ImClone Systems Inc. filed a lawsuit against its founder and former CEO, Sam Waksal, claiming he destroyed documents possibly relevant to a government investigation of the company's business practices.
The New York-based company, now headed by Waksal's younger brother, Harlan Waksal, is seeking repayment of a $7 million lump sum given to Sam Waksal upon his resignation in May. ImClone also wants cancellation of stock options that vested as a result of the separation agreement, as well as repayment of legal fees and expenses.
ImClone's stock (NASDAQ:IMCL) moved up $1.08 Thursday, or 13.6 percent, to close at $9.02.
The lawsuit, filed in New York State Supreme Court, comes just days after Waksal, 54, pleaded innocent to insider trading and fraud charges associated with the FDA's rejection of a rolling biologics license application for the investigational cancer drug Erbitux.
The SEC and the House Energy and Commerce Commission have been investigating Waksal and his business dealings related to ImClone for several months now. (See BioWorld Today, June 13, 2002; June 14, 2002; and June 18, 2002.)
And according to ImClone's second-quarter financial report released Wednesday, "The company has recently learned that Dr. Waksal, in contravention of company policy, directed the destruction of certain documents that were, or could be perceived to be, material to the pending government investigations."
ImClone officials were not available for comment Thursday.
While Waksal is facing the possibility of a prison term on several counts, including a charge that he advised family members and a friend - Martha Stewart, CEO of Martha Stewart Living Omnimedia Inc. - to sell stock ahead of the FDA's rejection, Harlan is trying to get Erbitux to market.
ImClone and its partner, New York-based Bristol-Myers Squibb Co., are hoping that re-analyzed data from earlier studies, along with data from development partner Merck KGaA, of Darmstadt, Germany, will be enough to win FDA approval for Erbitux (cetuximab) as a treatment for colorectal cancer. (See BioWorld Today, May 23, 2002.)
Resolving those problems could take until next year. As for U.S. colorectal cancer patients, they received a new treatment option Monday when the FDA approved Eloxatin (oxaliplatin for injection) following a 46-day priority review. Sanofi-Synthelabo, of Paris, said Eloxatin should be on the market by the end of August. Eloxatin is already marketed in 55 countries.
Eloxatin in combination with infusional 5-FU/LV was approved for an unmet medical need in patients whose advanced colorectal cancer has recurred or progressed following bolus 5-FU/LV plus irinotecan therapy.
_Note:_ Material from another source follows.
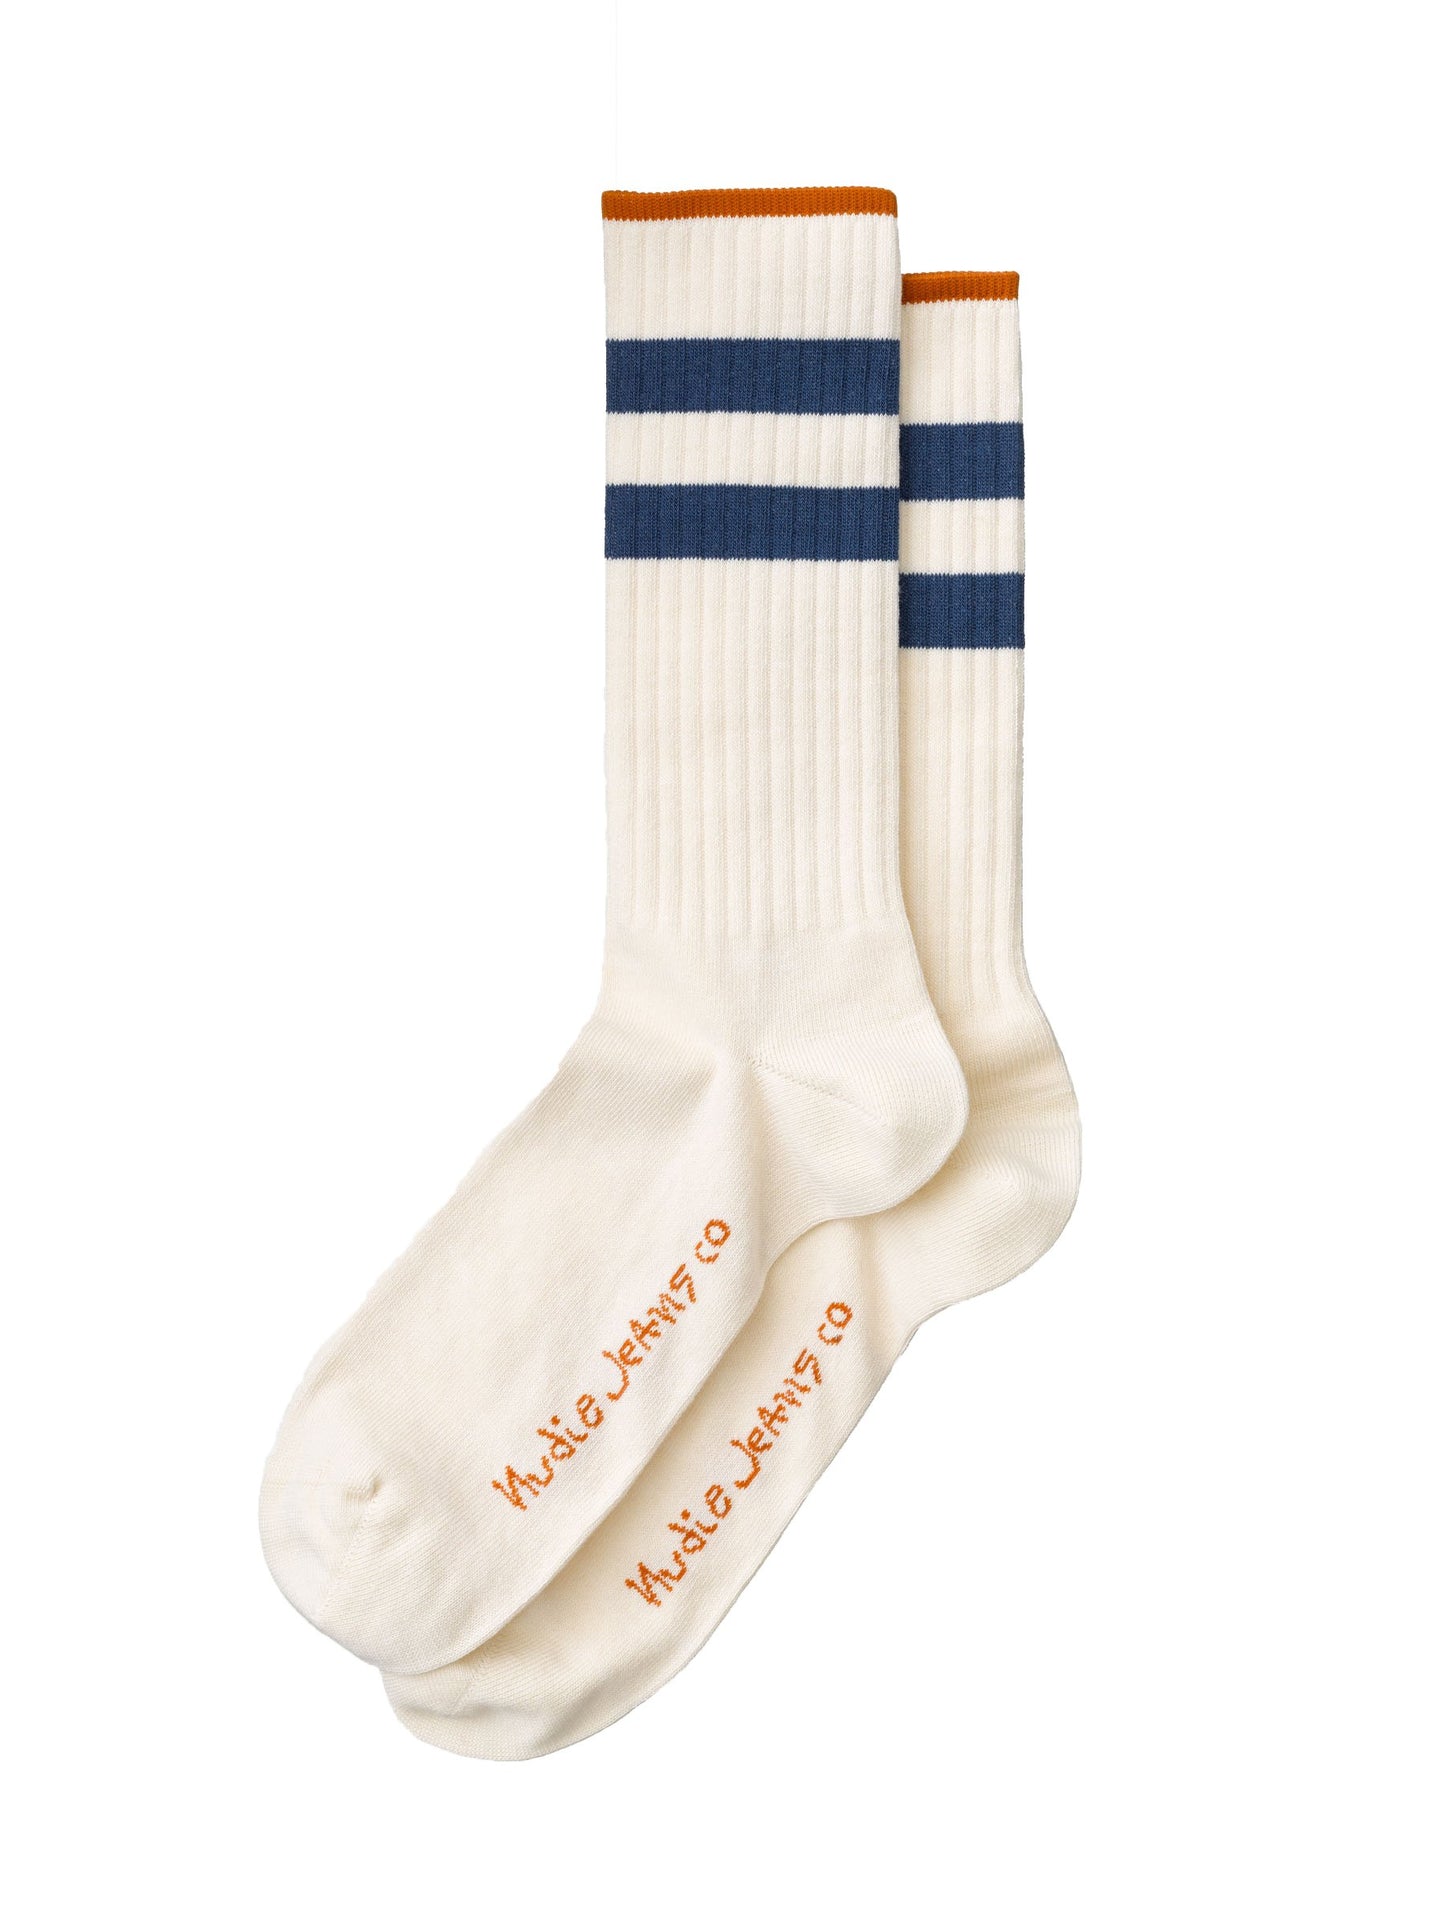 Nudie Jeans Co. Amundsson Sport Socks

Erbitux is a monoclonal antibody designed to target and block the epidermal growth factor receptor and treat irinotecan-refractory colorectal cancer.
In its financials, ImClone said total revenues for the second quarter were $11.6 million as compared with $3.9 million for the second quarter 2001. The net loss was $43.1 million, or 59 cents per common share, compared with a net loss of $29.5 million, or 44 cents per common share for the same period in 2001.
Revenues included $1.5 million from license fees and $2.4 million from the amended commercial agreement with Bristol-Myers Squibb. ImClone also received $7.5 million in collaborative agreement revenue through the Merck deal.
ImClone had $351.6 million in cash, cash equivalents and securities as of June 30. The company received a non-refundable $140 million cash payment upon signing the amended Bristol-Myers deal in March 2002. (See BioWorld Today, March 7, 2002.)